* [Problem requirements] Exactly as written, output each of the lines below, with no images.

* [Stored data]
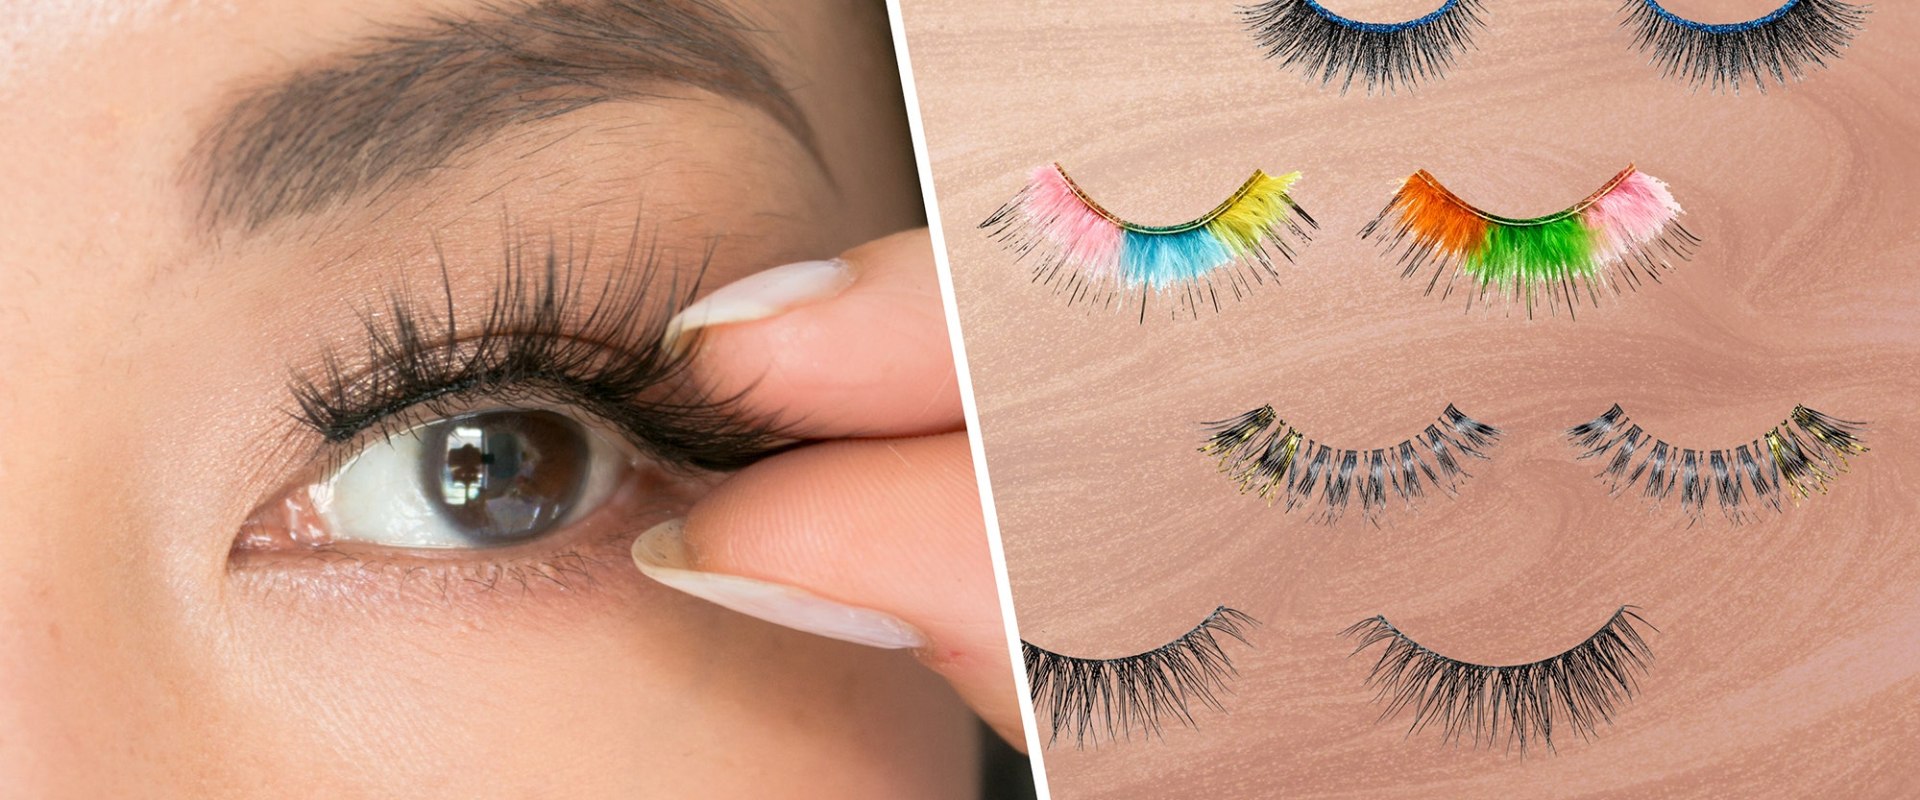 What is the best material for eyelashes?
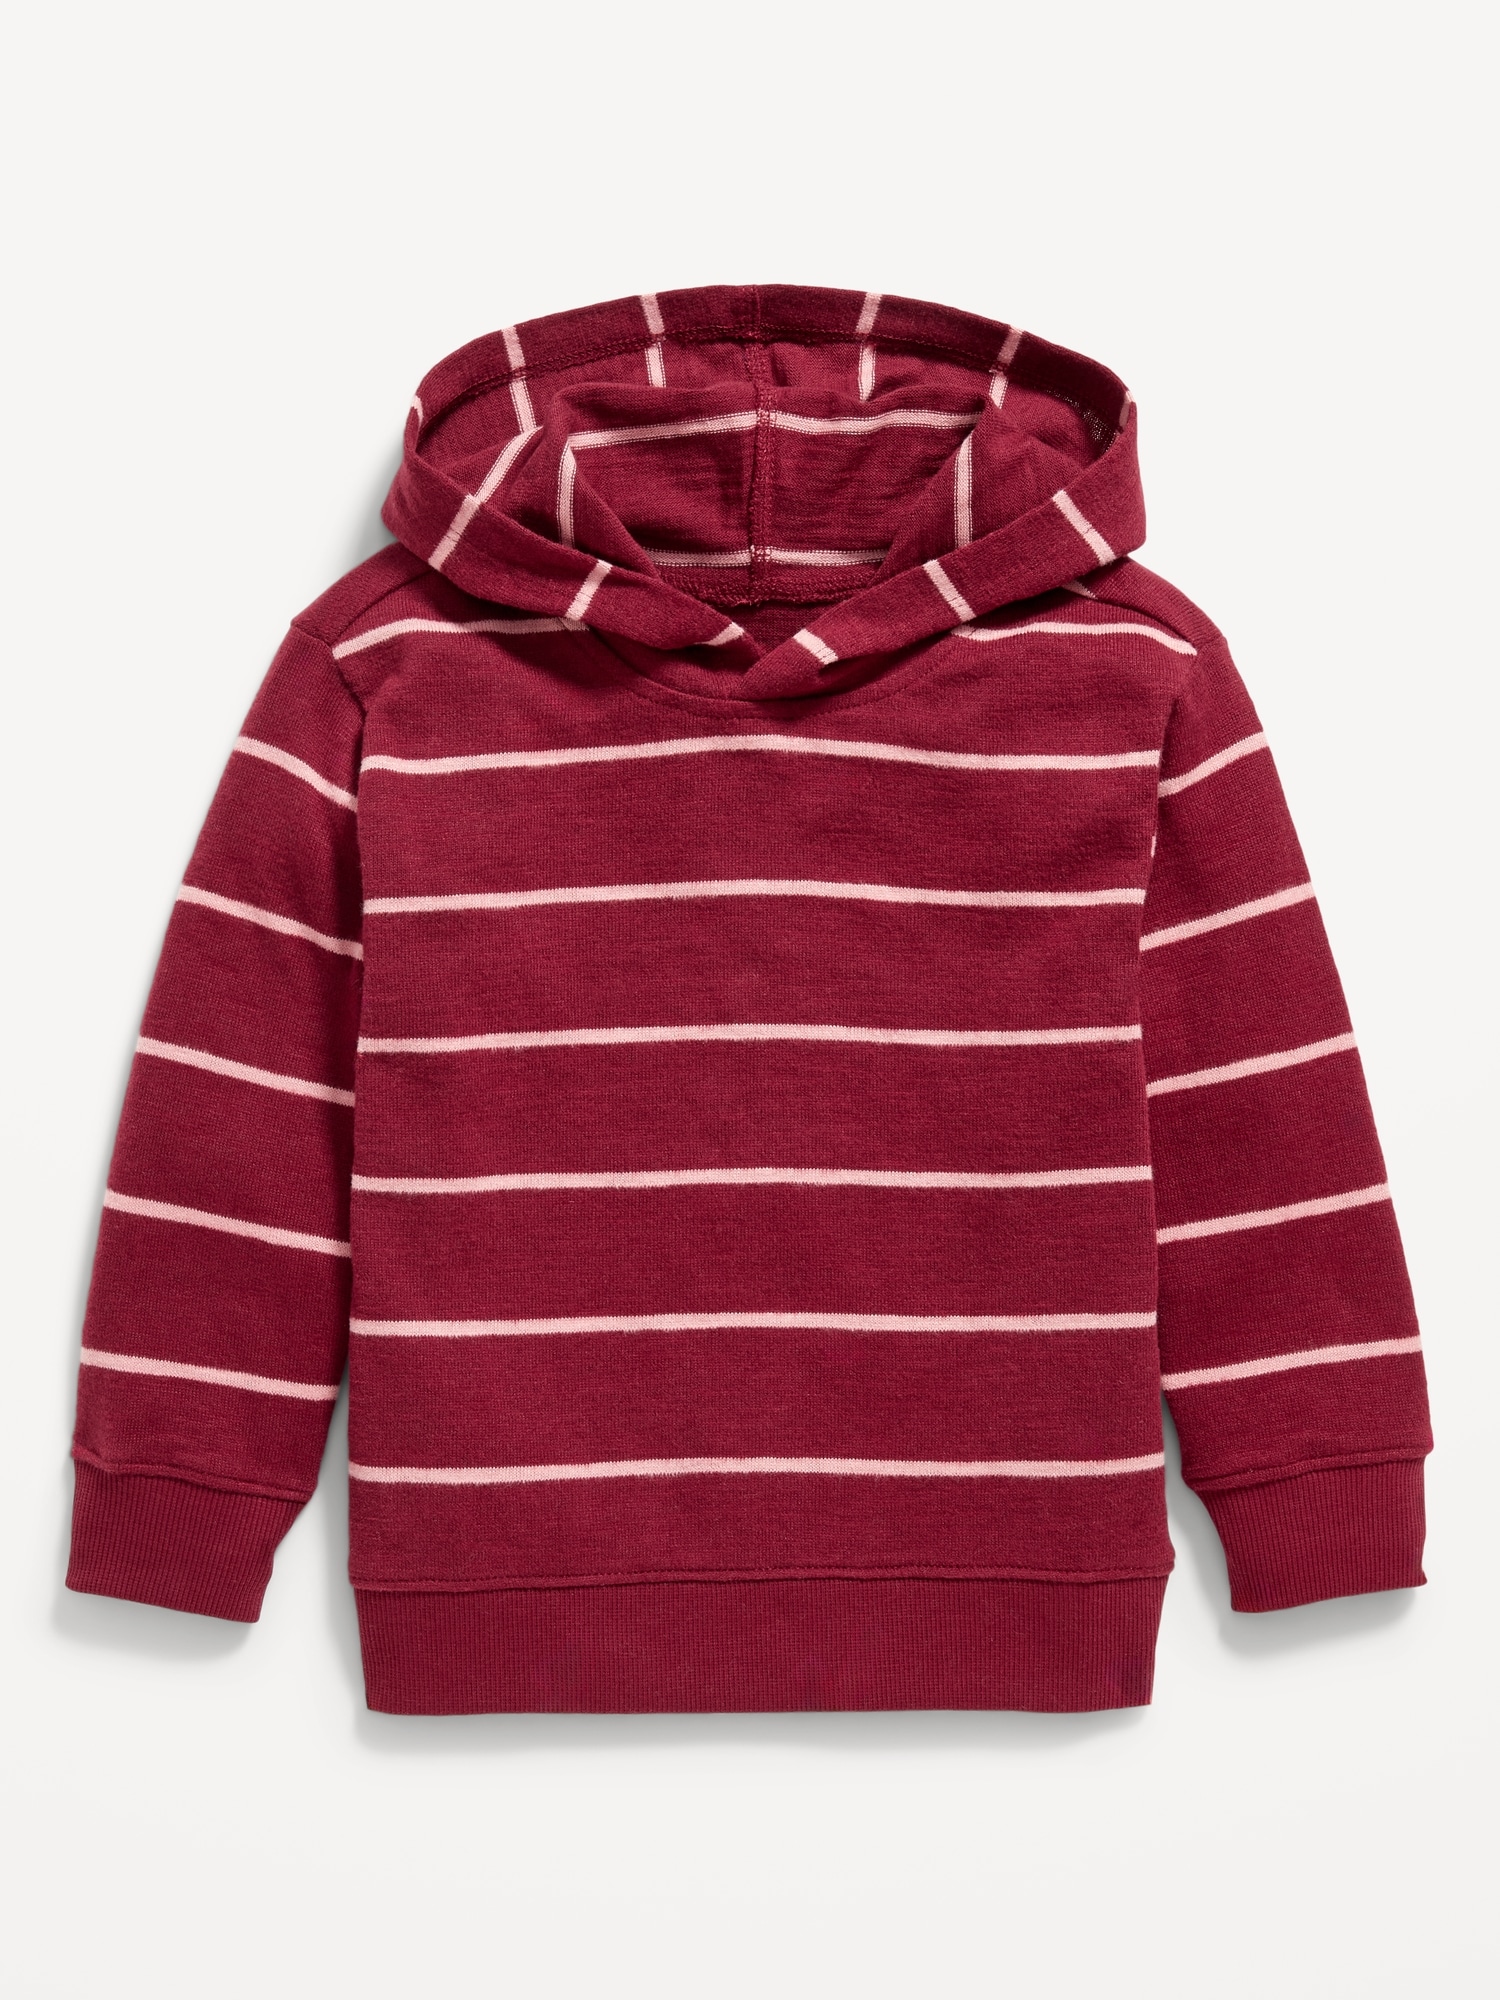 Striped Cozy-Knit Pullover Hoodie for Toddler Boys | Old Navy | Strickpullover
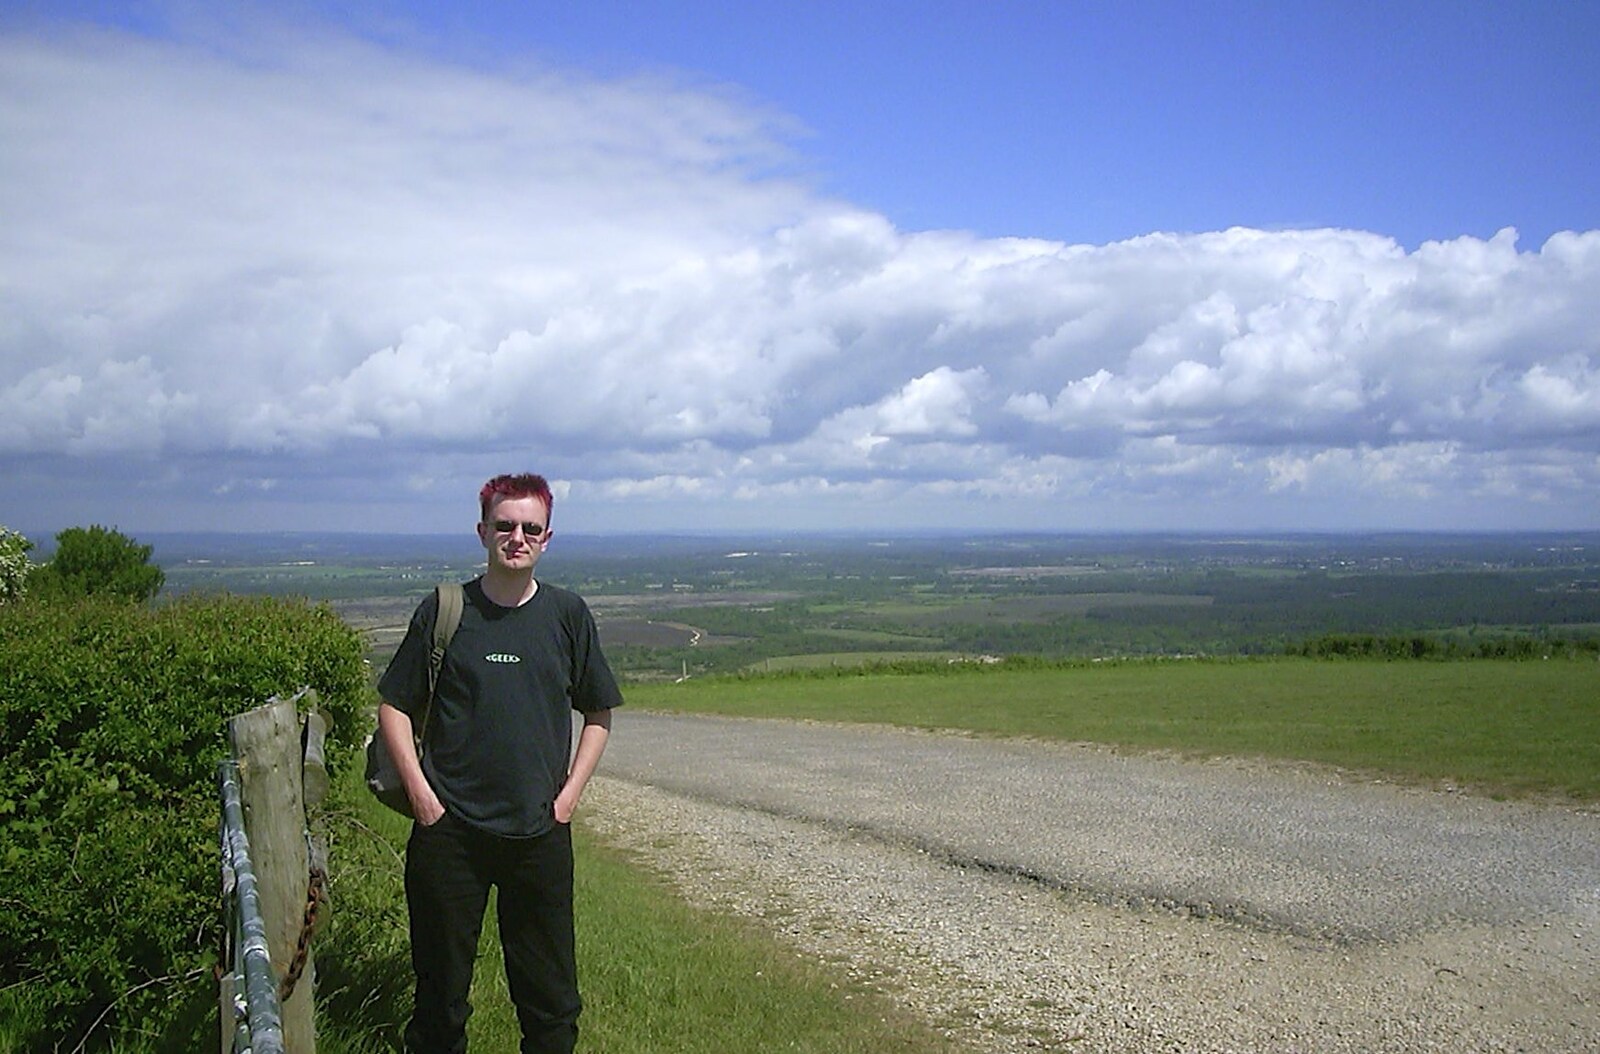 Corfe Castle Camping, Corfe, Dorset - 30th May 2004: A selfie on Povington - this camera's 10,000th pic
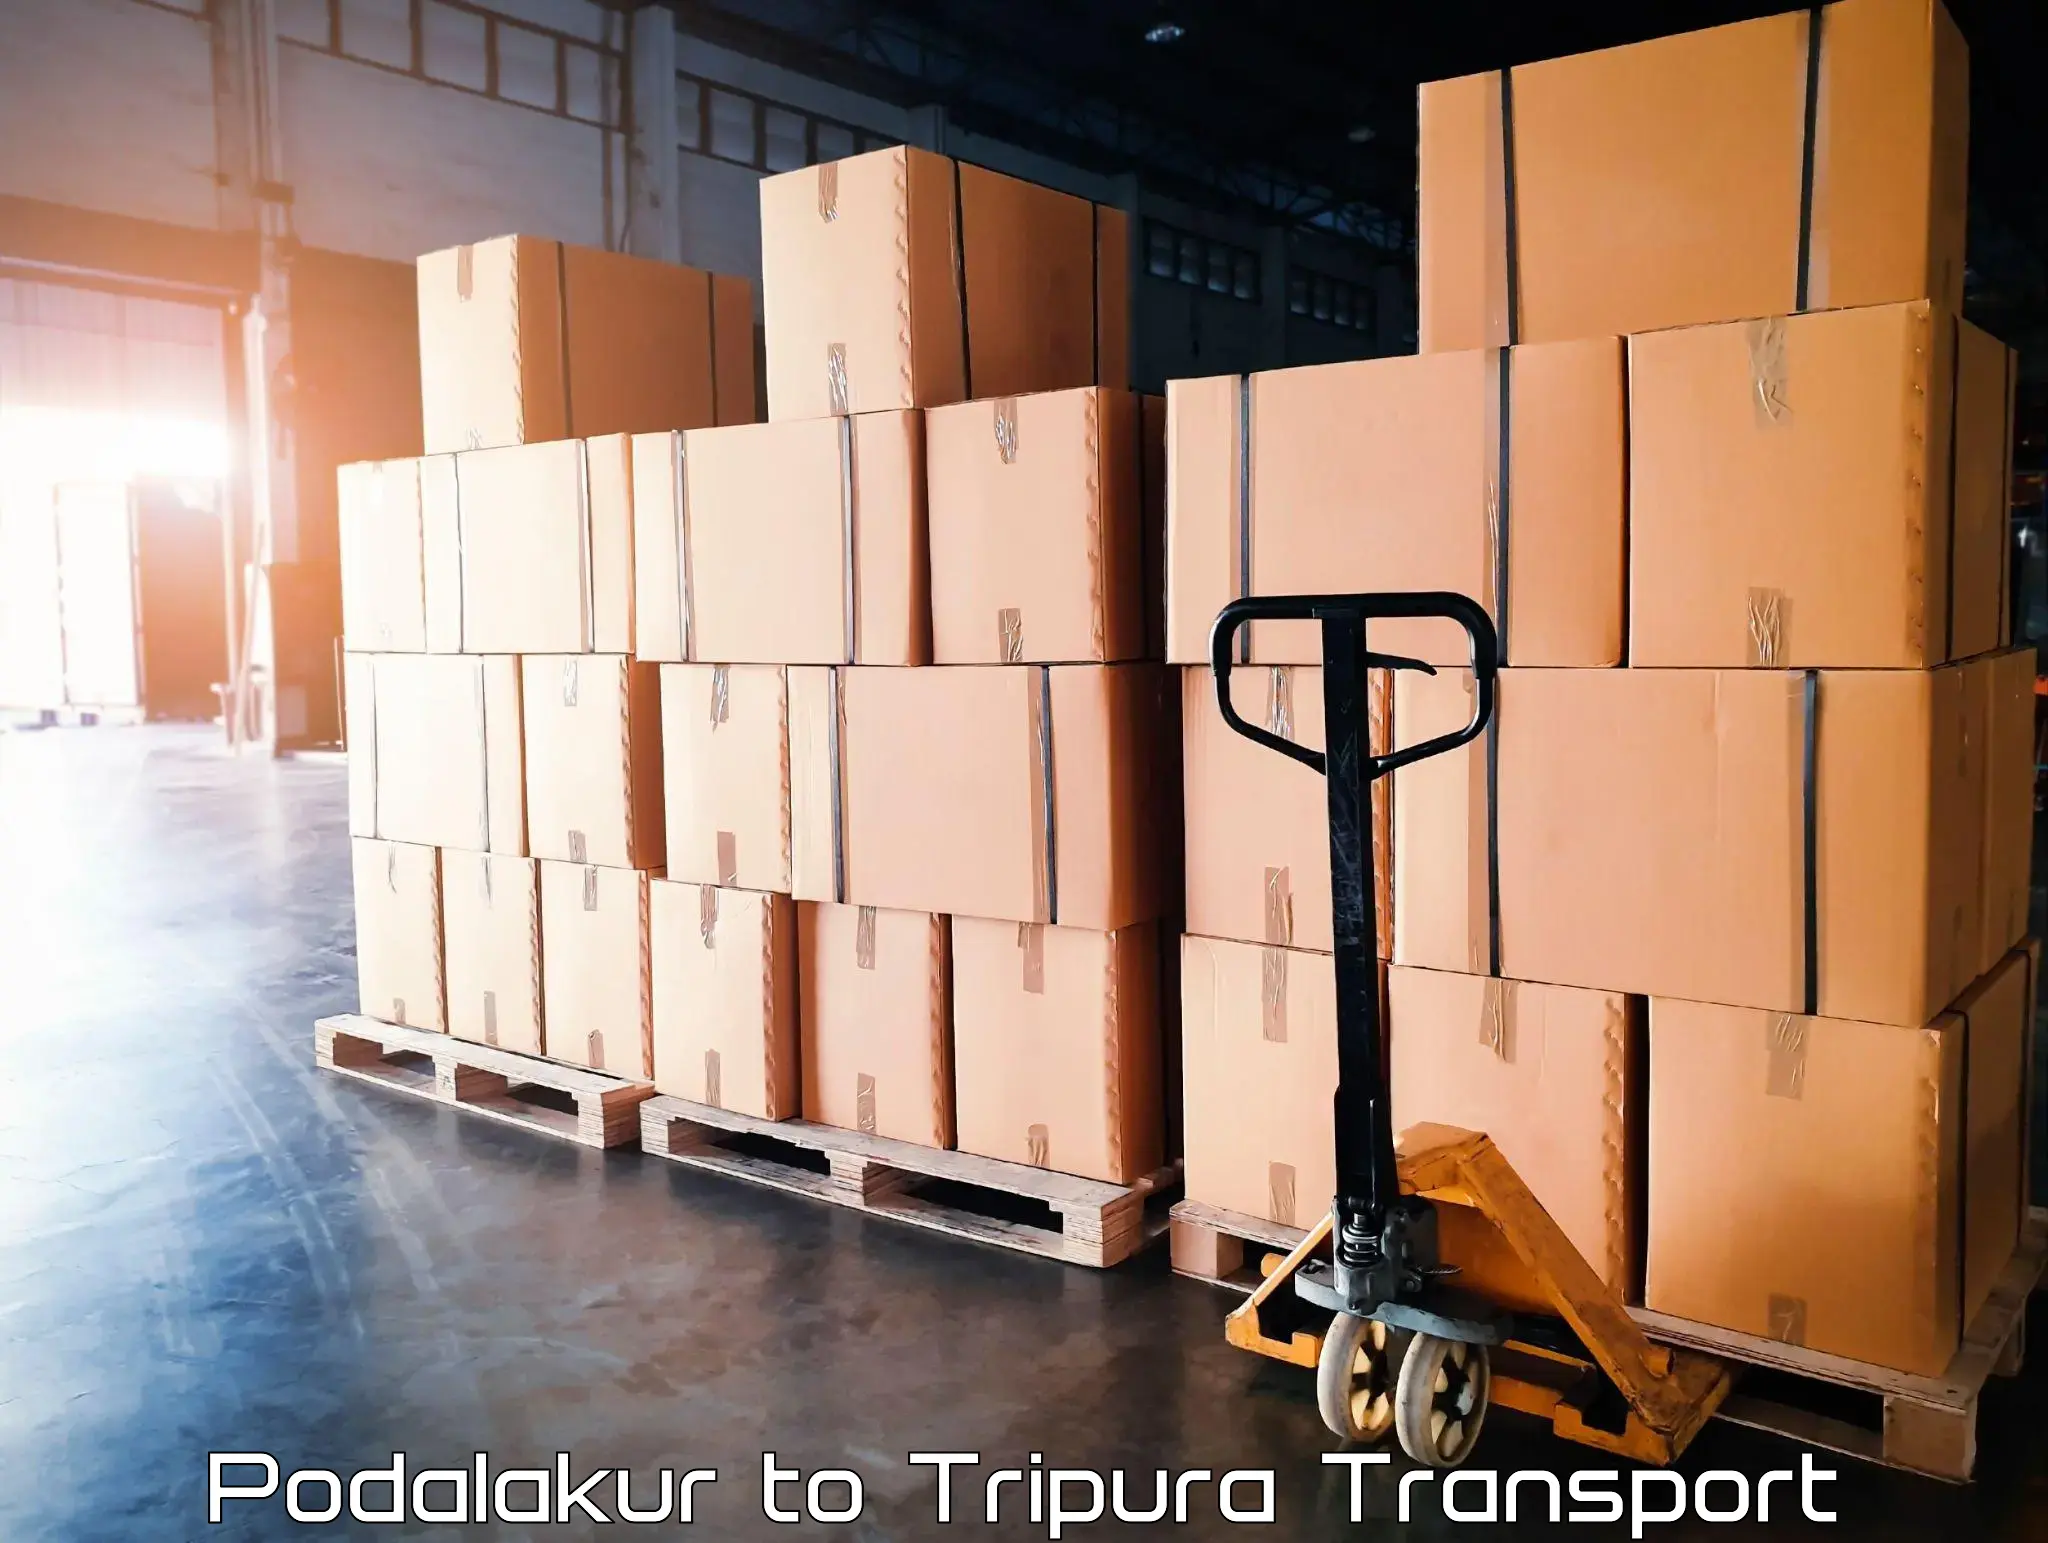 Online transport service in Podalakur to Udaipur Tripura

* [Your solution]
 What is the best material for eyelashes?
 Striped Cozy-Knit Pullover Hoodie for Toddler Boys | Old Navy | Strickpullover
 Corfe Castle Camping, Corfe, Dorset - 30th May 2004: A selfie on Povington - this camera's 10,000th pic
 Online transport service in Podalakur to Udaipur Tripura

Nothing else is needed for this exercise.